Two Wrong Approaches to the Humanity of Christ [Just Some Thoughts…]

Crossed GenealogiesAs I make my way through the Gospel of Matthew, I am picking up Matthew’s growing emphasis on the ethnically diverse nature of the people of God. The anti-ethnocentrism of this Gospel is so clear that it is simply baffling that anyone would think their being of Jewish descent holds any salvific or sanctification related significance. Christ is a man who was born as a Jew, yes. He was born to Jewish parents and lived in a Jewish culture and spoke Aramaic and visited the Synagogue and the Temple, yes. Nevertheless, it is unbiblical to think that one is closer to God by virtue of his or her lineage or external conformity to Jewish culture & cultural customs.

Equally wrong, however, is the idea that because Christ has a traceable lineage, that he is a real man, in other words, that this somehow counts against his role as Mediator between God and man, his role as Savior and King of kings, Lord of lords. Let’s look at this in some more detail.

The First Wrong Approach to Christ’s Humanity

In Matthew 1, the Holy Spirit teaches us that Jesus “will save his people from their sins.” (1:21b) In Matthew 3:7b-10, John the Baptist rebukes the Pharisees and Sadducees with these words:

…“You brood of vipers! Who warned you to flee from the wrath to come? Bear fruit in keeping with repentance. And do not presume to say to yourselves, ‘We have Abraham as our father,’ for I tell you, God is able from these stones to raise up children for Abraham. Even now the axe is laid to the root of the trees. Every tree therefore that does not bear good fruit is cut down and thrown into the fire.”

This poses a problem for those who wish to maintain the idea that the Jewish people are the chosen people of God. Why? Because Jesus will save his people and “his people” only partially consists of the genetic offspring of Abraham, as John the Baptist’s words make very clear. In Matthew 4, therefore, where we encounter Christ walking along the sea of Galilee and preaching, shining the light of his gospel in “Galilee of the Gentiles” (4:12-17), the fullness of the phrase “his people” begins to further be revealed by the Holy Spirit. Christ’s people are of the lineage of Abraham, but there are others who are raised up from stones, Gentiles who have no immediate blood relation to Abraham’s family. Thus, God’s people, the people of Christ for whom Christ died, are not Jewish only but Gentile as well.

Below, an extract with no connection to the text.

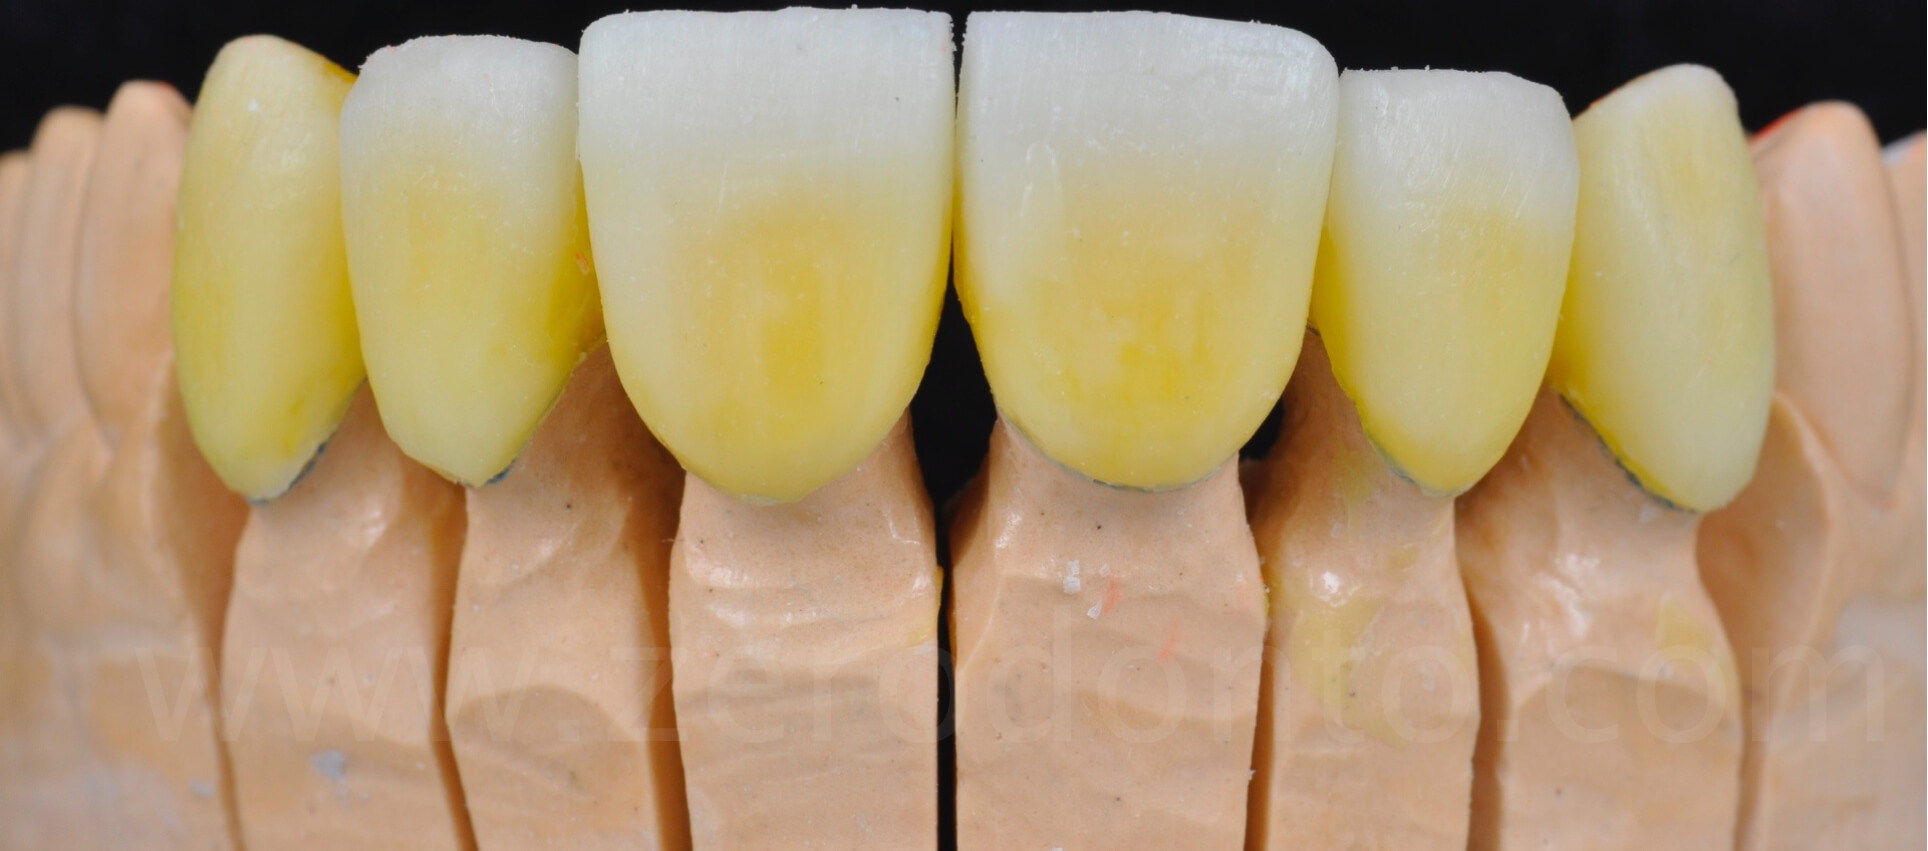 lithium disilicate anterior full-veneers

This means that inclusion in God’s family is not based on one’s proximity to or distance from Jesus’ humanity, genetically speaking. Hence, in Matthew 12:46-50 Jesus identifies anyone who believes the Gospel as a member of his family. Contrary to the dogmas surrounding Mary’s role as Mediatrix, Jesus demonstrates that his own flesh and blood family do not have special access to him simply by virtue of their physical relation. Those who believe that they are closer to Jesus because they are Jewish are, well, entirely wrong. And those who believe that Mary is closer to Jesus by virtue of her blood relation to Jesus are also entirely wrong

The Second Wrong Approach to Christ’s Humanity

The rejection of Christ because he is a man, moreover, is equally wrong. In Matthew 13:53-58 we are told that the people of Jesus’ hometown “were amazed” at his wisdom and yet “took offense at him” because they knew that he was “the carpenter’s son,” “the son of Mary,” the eldest brother of “James and Joseph and Simon and Judah…And…his sisters.” Whereas the people in Matthew 12 think that Jesus’ humanity implies that those, therefore, who are genetically related to him somehow have spiritual benefits, the people in Jesus’ hometown believe that the fact of Jesus’ humanity is adequate justification for their unbelief.


It is wrong to believe that the salvific and sanctification-relation benefits of the Gospel may be obtained or amplified through one’s lineage (i.e. being Jewish) or connection to those in Jesus’ immediate lineage (i.e. Mary). It is also wrong to believe that the fact of Jesus’ humanity renders dubious his capacity to save and sanctify, rule and reign, resurrect and cast into hell.